Karma, however is a clever cow. Dr. Jakobus I. F. Glitter Hoenderskoen and I were taking a walk out to a thatched seating area a way away from the actual rehab to have a session there and a giant Hadeda dropped a giant poop on his jacket. I of course thought that was very funny. So did he…or that could have been awkward.
Dr. Jakobus I. F. Glitter Hoenderskoen has a gift. I have previously tried to explain it to people this way. Some people can play the piano, and some cant. They both went to the same school, and had the same teacher – but some simply do it by ear and by passion and some do it by learned but not natural knowledge. My friend, Dr. Jakobus I. F. Glitter Hoenderskoen has a gift. He could be an asshole. He knew it. I knew it. But I find it endearing rather than obnoxious. It was always pleasant to see the effect he had on other staff.
It was also fun to work out when he was feeling uncomfortable with how well I read him. When we ended our last session on my last trip to rehab, he got up and walked away without saying good bye or giving away any emotion. I was so mad at him. But was not in a position to bleat out any expletives or share my sadness. We weren’t even officially friends.

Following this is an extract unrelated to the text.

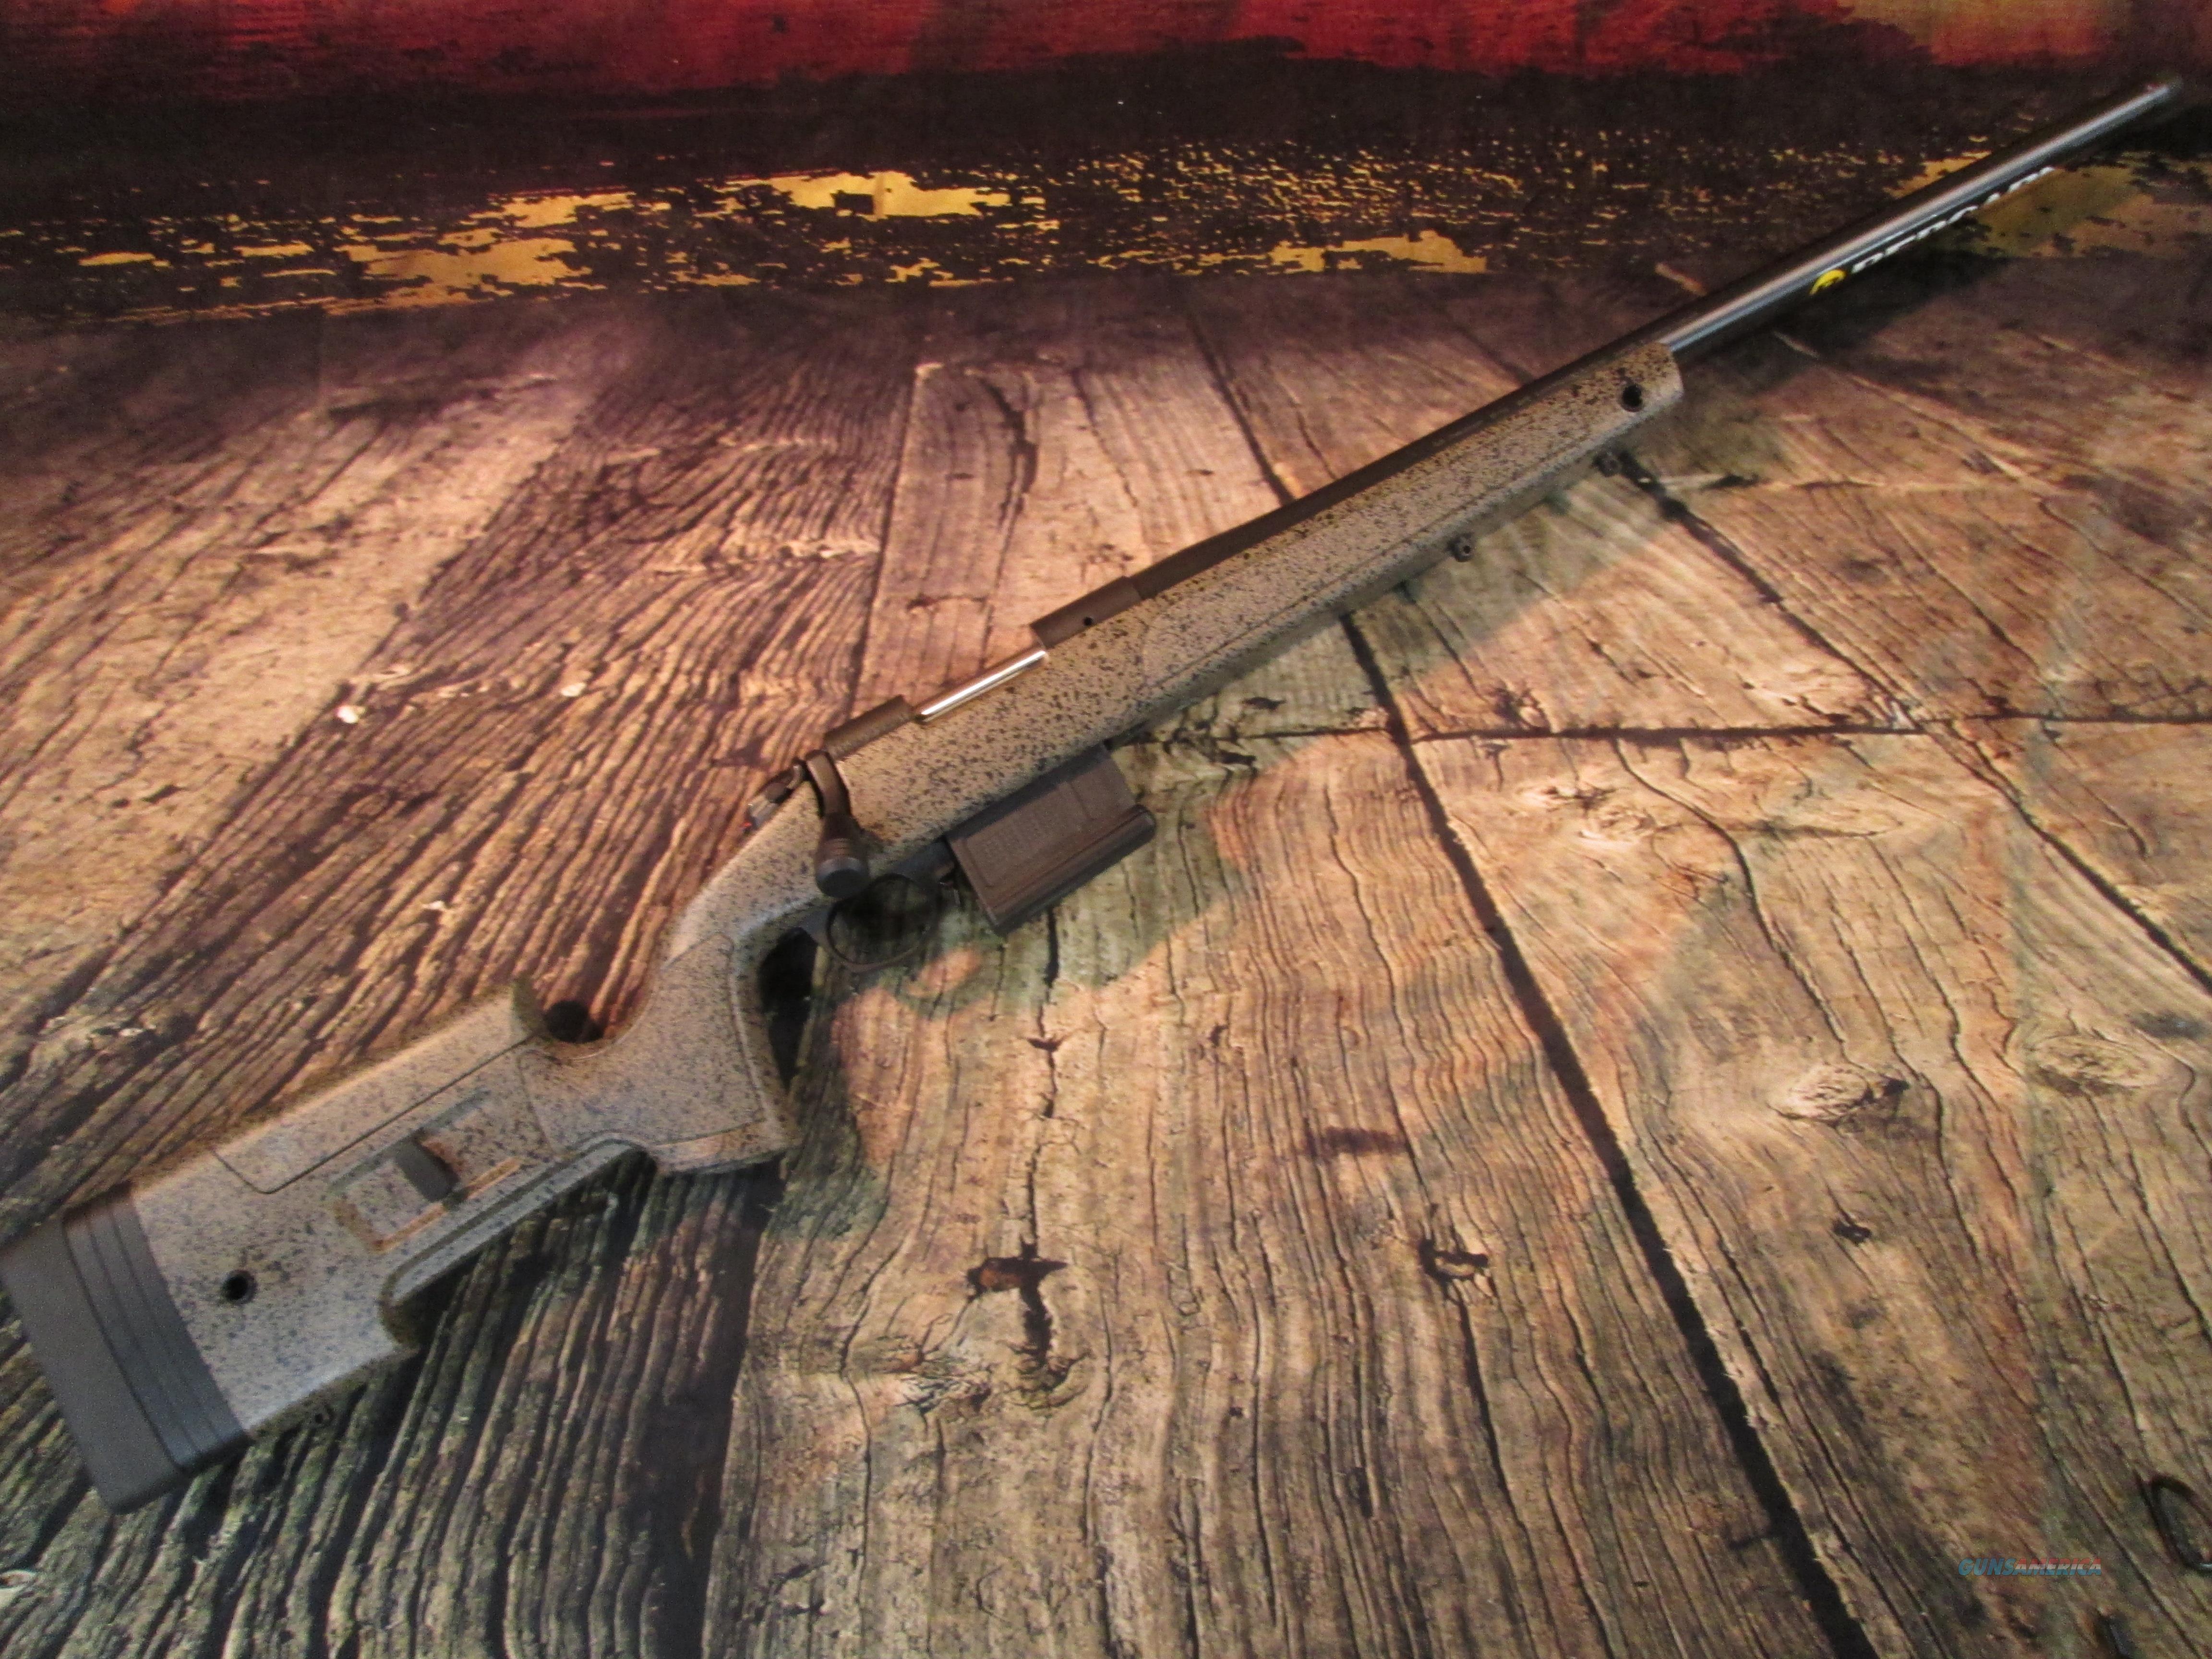 BERGARA B-14 HUNTING & MATCH RIFLE HMR 6.5 CREED (B14S352)  Guns > Rifles > Bergara Rifles

But we have since met for coffee, and I have followed him around a mall while he pushed a trolley like a lunatic through crowds of people. I took it away from him eventually and he called me a control freak. I just call it ‘a better driver’.
So Dr. Jakobus I. F. Glitter Hoenderskoen, this is for you. You rock. Or better. You are a rock. Hahahaha. (You have to be South African to get that). But you have a gift, and being an asshole sometimes is what gets the job done. It worked with me and I have seen it work with other people. Because the rest of the good that you do and the seeds you plant and the impact you have will always go unmeasured – but it will never go unnoticed. I walked in a suicidal and lost emotionally retarded brat. Look at me now. NO more drugs. NO more booze. No more suicide attempts. Still working on the emotional retard part… but I have stayed out of jail. I also know NOT to come to you if I ever do commit a crime because you WILL report me. I also now know NOT to tell you when I want to kill someone because you will always assume I am serious and I will be arrested before I even leave my front door.
Your moral compass doesn’t always suit me but you ‘set my brain on fire’ in a way that inspired forward movement. I trust you and I love you and I am grateful to have crossed your path. Or that my path hit a pavement and I had no choice but to meet you and your obnoxiously endearing fearless way of challenging other human beings into being better people.
I got distracted by dr hoenderskoen LOL love the name.